One of the aspects of the culture that the midshipmen quickly learned to appreciate is what they dubbed “Turkish time.” In Turkey, being punctual is not valued nearly as much as in America. Instead, people have a laid back attitude and are more concerned with spending quality time building relationships than sticking to a schedule.
The Turkish people proved to be very hospitable and welcoming to the midshipmen. The Turkish students in particular were always more than happy to speak and befriend the exchange students. Consequently, many close friendships developed. The Turkish students’ general philosophy of living in the moment created many interesting adventures, such as spontaneous Friday morning trips to the Grand Bazaar.
For three of the midshipmen, the end of the school day didn’t mean going back to the dorm to relax and do homework; it meant sitting on public transportation for an hour to go home to their host family. For Parker, the fresh, home-cooked meals that his host mother cooked each night made the commute well worth it. For Villareal, the best part was trying to communicate with her 10-year-old Turkish host sister who did not know any English. After a few weeks of broken, awkward interaction, she finally got her sister to laugh and have fun through learning how to play the ukulele and computer games. Getting to go home to a Turkish family each night not only provided delicious food and friendships that will last a lifetime, but also really helped with improving Turkish language skills and gave insight into the Turkish family dynamic.

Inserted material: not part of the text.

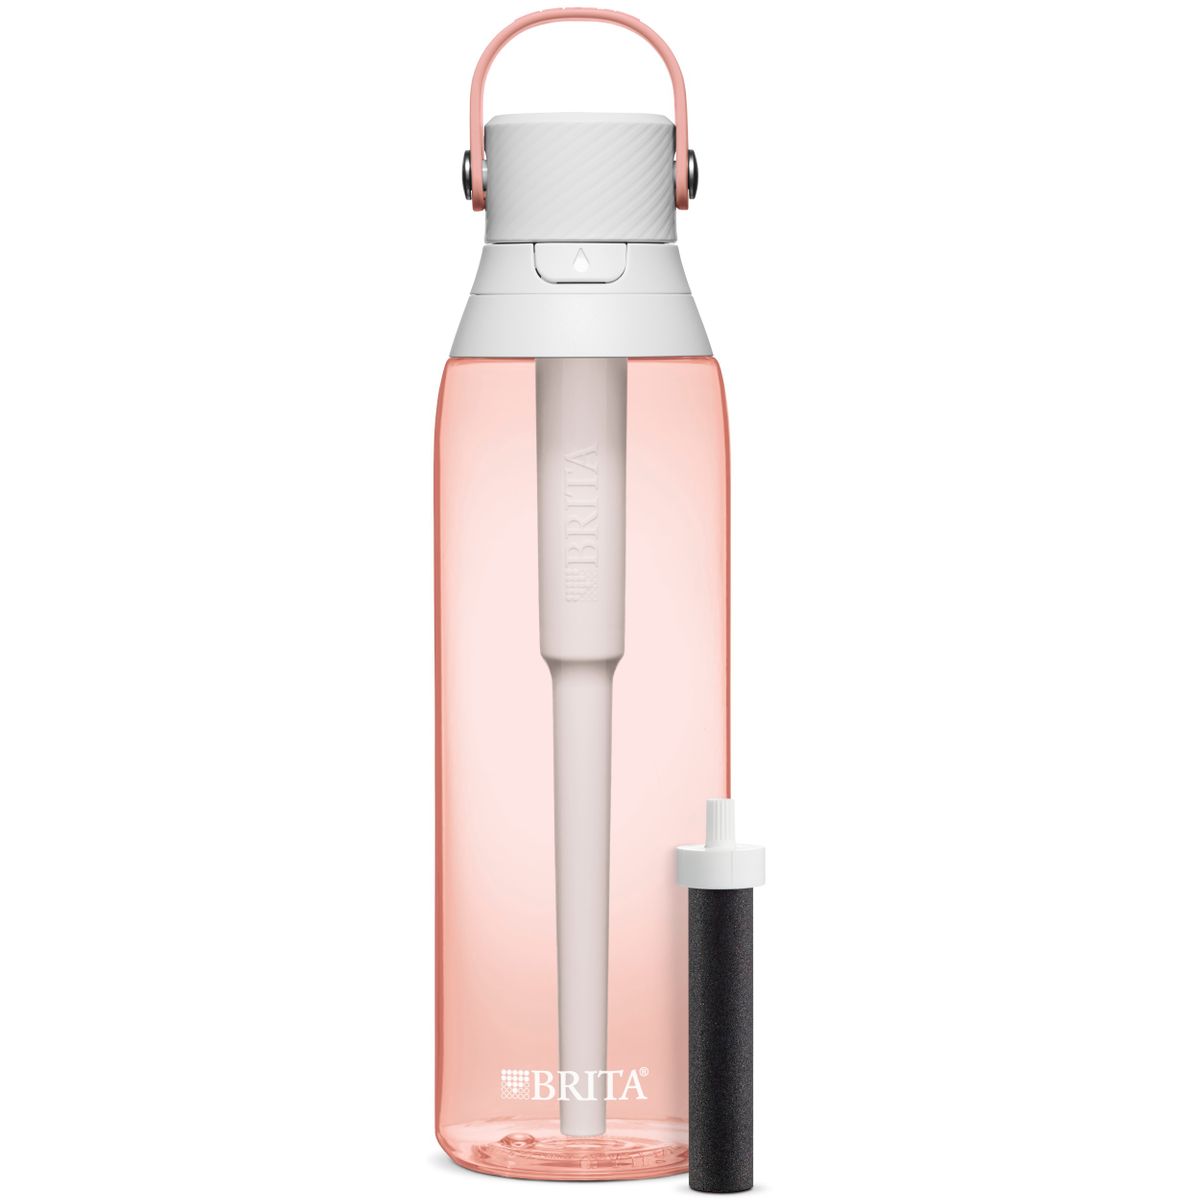 RDY 送料無料 Brita 26oz プレミアムウォーターボトル フィルター付き BPAフリー ブラッシュピンク 楽天海外通販 Brita 26oz Premium Water Bottle with Filter, BPA Free, Blush Pink

This family dynamic was not always strictly Turkish, but definitely rewarding and showed Istanbul’s mix of cultures. Molony had the opportunity of practicing both her French and Turkish with her host family because her host mother, Dilek, grew up in France and her host brothers went to French schools.
As soon as the weekend came, the mids were no longer to be seen on campus, instead they were out either exploring Istanbul or some of Turkey’s most famous places. Chilbert, Villareal, Molony, and Parker all went on an inexpensive cruise over the four day Bayram weekend. They boarded the boat in Fethiye, and went along the Mediterranean coast, exploring ruins, snorkeling with fish and around coral, as well as eating delicious Turkish cuisine the entire time. On the second day of the cruise, they pulled into St. Nicholas Island, where Santa Claus was born. The group spent the afternoon exploring the island that was littered with ruins dating back to the 4th century A.D. At this same time, Chandler and Musilli explored the Mediterranean town of Bodrum and the ancient ruins of Ephesus. On another trip to Trabzon, a region located on the Black Sea near the country of Georgia, the midshipmen had the opportunity to witness some of Turkey’s natural beauty.
Amidst all the exploring, one theme that could be readily attributed to Istanbul and the country of Turkey as a whole was hospitality. Not only are locals gracious to exchange students and tourists, but they also often go very out of their way to ensure these men and women are able to enjoy their stay and explore their beloved country. In one example of this hospitality, Molony, Nolan, and Chilbert visited Edirne, a Turkish city located west of Istanbul, and a city well known for its incredible displays of mosques as well as a unique museum that covered the development of medicine in this part of Turkey. Because this was one of their first trips, finding their way to each site was difficult until two boys asked if they could help.
"These two boys brought us to every mosque, every site that we asked them to see," said Nolan. "At the end of the night, as we invited the two to join us for dinner. Throughout dinner they laughed as we attempted to order in Turkish, and they yet again made sure we were taken care of."
At the end of the night, the young men took the mids to the bus stop and wished them a safe trip home.
"Never once did they ask for anything from us," said Nolan. "They simply enjoyed both meeting us and helping to give us just a small view of an incredibly unique and beautiful country.”
As future officers, it is imperative to understand that learning the nuances in different cultures is important. Part of being a better leader is developing a deeper, more worldly understanding and applying this understanding by participating in different cultures, learning new leadership tools from as many sources, and applying them as you go. This past semester, the midshipmen did just that by interacting and participating in an entirely new culture, expanding their knowledge of a new region, and by expanding themselves.